Pierson was a professor economics and statistics at the University of Amsterdam and director and presiding director (president-directeur) of the De Nederlandsche Bank, the Dutch national bank. He was minister of Finance in the Cabinet Van Tienhoven. During his term of office he introduced  an important tax revision. After serving as chairman of the Council of Ministers for four years he took a seat in the House of Representatives for the constituency of Gorinchem from 1905 to 1909. Pierson received an honorary doctorate from the University of Cambridge.

Early life and education
Nicolaas Gerard Pierson was born in Amsterdam on 7 February 1839, to Jan Lodewijk Gregory Pierson and his wife Ida Oyens. The youngest of six children, Pierson had two brothers and three sisters. Two of his brothers, Allard and Hendrik Pierson, would become famous pastors. His father was a merchant, while his mother was a Réveil writer.

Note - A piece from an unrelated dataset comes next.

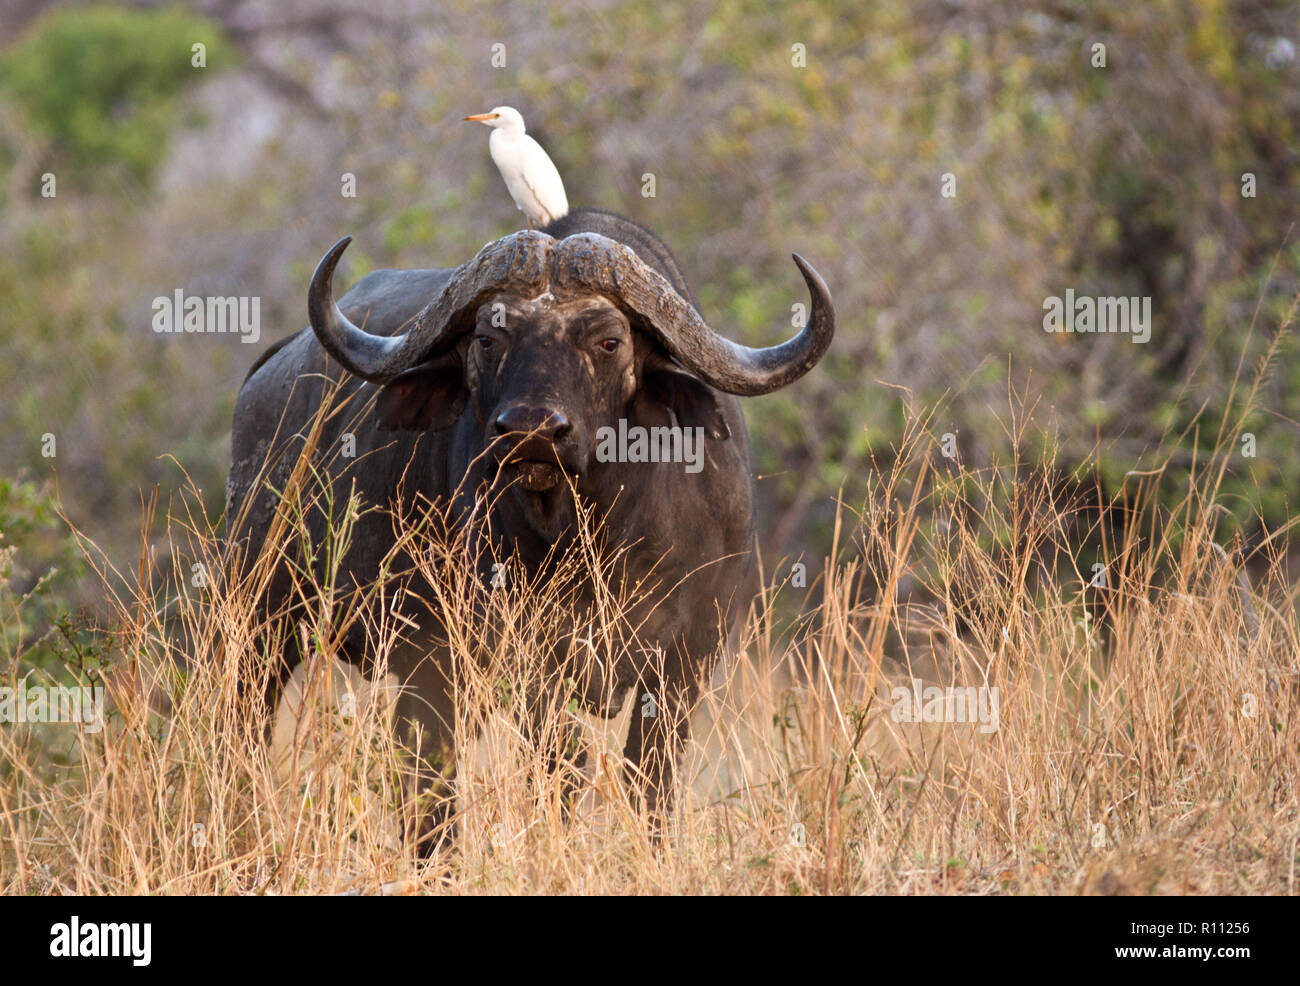 A wary old buffalo bull stares at the vehicle as a cattle Egret hitches a ride on his back ever alert for insects being flushed up by their movement. Stock Photo

Pierson attended a French school in Amsterdam from 1845 to 1853. He went to an English school in Brussels in 1853, but switched to a trade school in Amsterdam a year later. On 2 June 1864, Pierson graduated as a teacher in political economy.

Career
Pierson started his career as a merchant. He worked in his father's glass shop from 1860 to 1861, and owned a business selling colonial goods, Beckman en Pierson, from 1861 to 1864. Shortly before his graduation, on 1 April 1864, he became chief executive of De Surinaamsche Bank, and director of De Nederlandsche Bank on 1 June 1868. On 15 January 1885, he was appointed as President of De Nederlandsche Bank by Royal Decree. He took office 1 February the same year, and kept his position until 21 Augustus 1891. Aside from his career in the financial sector, he also taught political economy at a trade school in Amsterdam from 1864 to 1868, and political economy and statistics at the University of Amsterdam from 1877 and 1885. Pierson's main two economist texts were Grondbeginselen der Staathuiskunde and Leerboek der Staathuiskunde, the latter being translated into English and Italian. In 1883 Pierson became member of the Royal Netherlands Academy of Arts and Sciences.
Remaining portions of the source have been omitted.